Embryogenesis of male external genitalia

The principle of hypospadias repairs apply to the repair of congenital anterior urethral fistula as well. But it is important to tailor the surgical technique according to the site and size of the fistula. Before planning a repair, it is important to rule out Y type urethral duplication and check the patency and calibre of the distal urethra. It is also important to note the quality of spongiosum distal to the fistula. Meatal stenosis must be corrected before repairing the fistula. Cases where there is hypospdias along with a fistula overlying a skin tunnel it is imperative to do a formal hypospadias repair. The skin tunnel is opened up till the real meatus and healthy spongiosum is reached. The chordee is released and formal urethroplasty is done either in same stage or in second stage.

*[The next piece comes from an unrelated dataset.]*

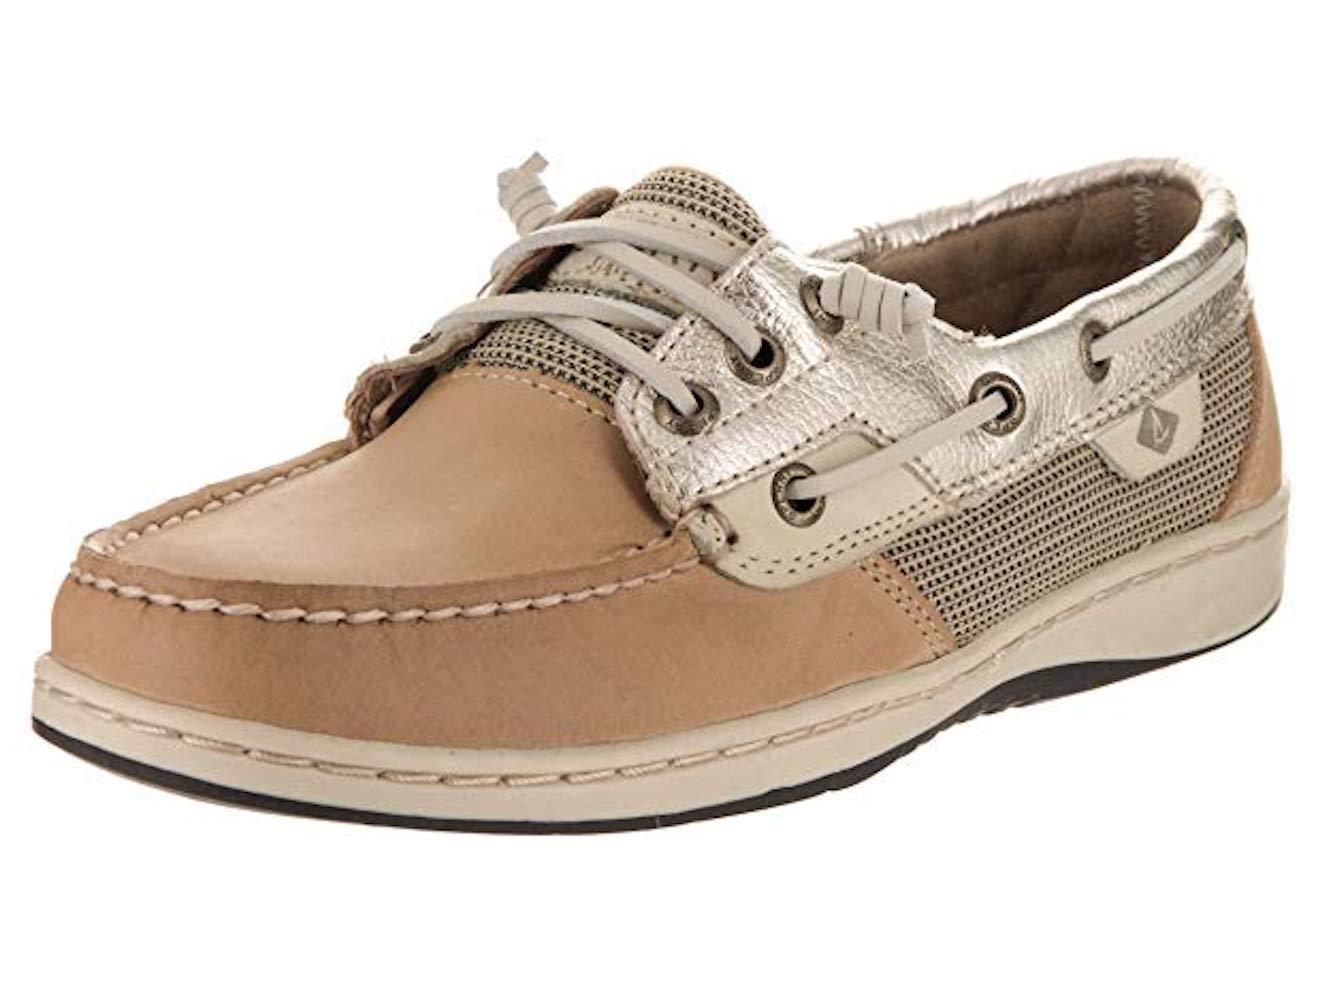 Sperry Top-Sider Women's Rosefish Linen/Platinum Boat Shoe 5M
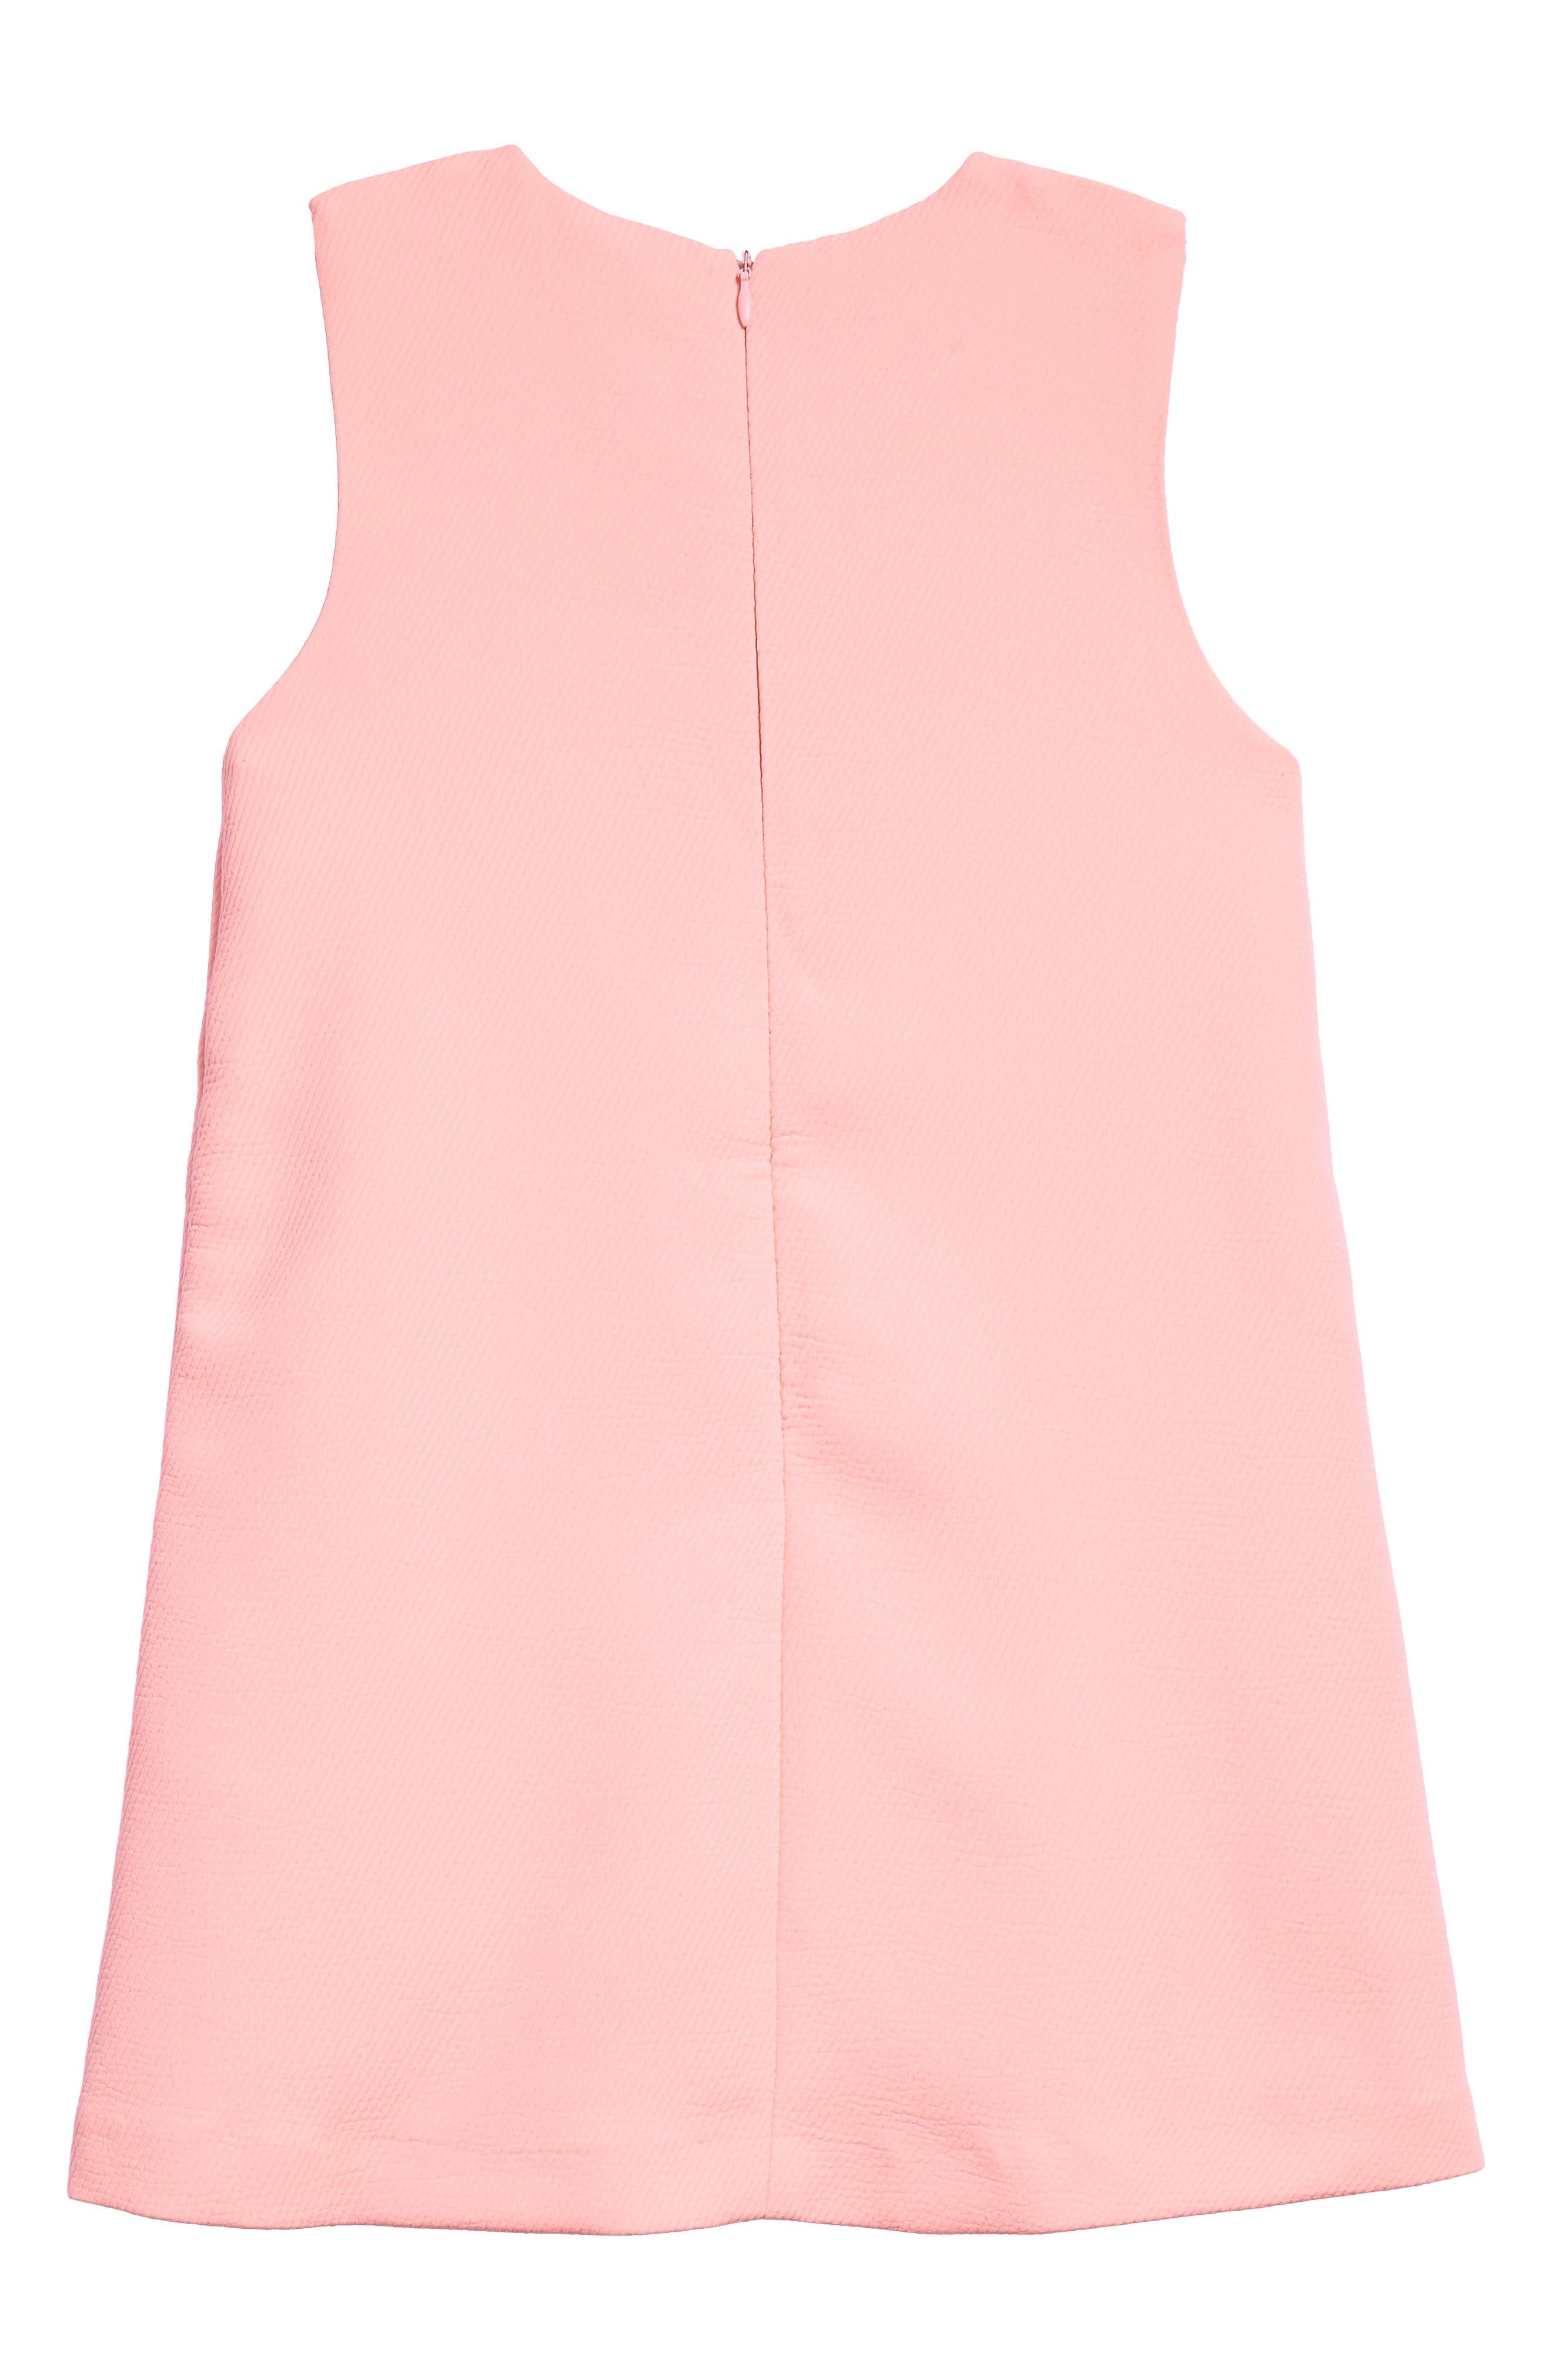 Mod Sleeveless Shift Dress,                             Alternate thumbnail 2, color,                             Pink

Treatment of isolated congenital anterior fistulas depends upon its size. Small fistulas ranging from pin-point to less than 0.5 mm as described by the authors can easily be primarily closed by freshening the edges and the skin is closed over it. Larger fistulas ranging from 0.5 to 1 cm can be closed with the help of turnover flaps based on the edge of the fistula.[4] Defects more than 1 cm can be closed by tubularized incised plate urethroplasty by giving urethral plate relaxing incision through the fistula or by Thiersch Duplay technique.[35] Dennis Brown principle has also been used in such defects where the urethral plate is buried under the skin flaps mobilized from the two sides of the fistula.[5] Fistulas more than 2 cm in width have significant tissue deficit both in urethra and skin cover. Such defects urethra can easily be addressed by bilamelar prepucial island flap where the inner prepucial skin reconstructs the urethra and the outer skin provides cover.[6] In these cases urethra can also be reconstructed by buccal mucosal grafts.[7] Recurrence of fistula after repair poses a major challenge both for congenital and post hypospadias repair fistulas. The overall recurrence rate in all types of fistula reported in the literature is about 10-30%.[5-7] This has inspired surgeons to device modalities of waterproofing. De-epithilialised turn over flaps interposed between urethral repair and the skin cover has been reported as techniques of water proofing.[8] In our experience, the dermal graft interposition also prevents recurrence of fistula. Avoiding the overlap of skin suture urethral suture line also reduces the chances of recurrence of the fistula. To achieve this rotation flap from the adjoining penile skin can be done so that flap suture line is away from the urethral repair.[4] Same purpose can be served by transposing the whole degloved penile skin ventrally to cover the urethral repair and having the skin suture line dorsally.[1]

This congenital defect is relatively rare and knowledge about this clinical entity along with high level of suspicion helps in the diagnosis.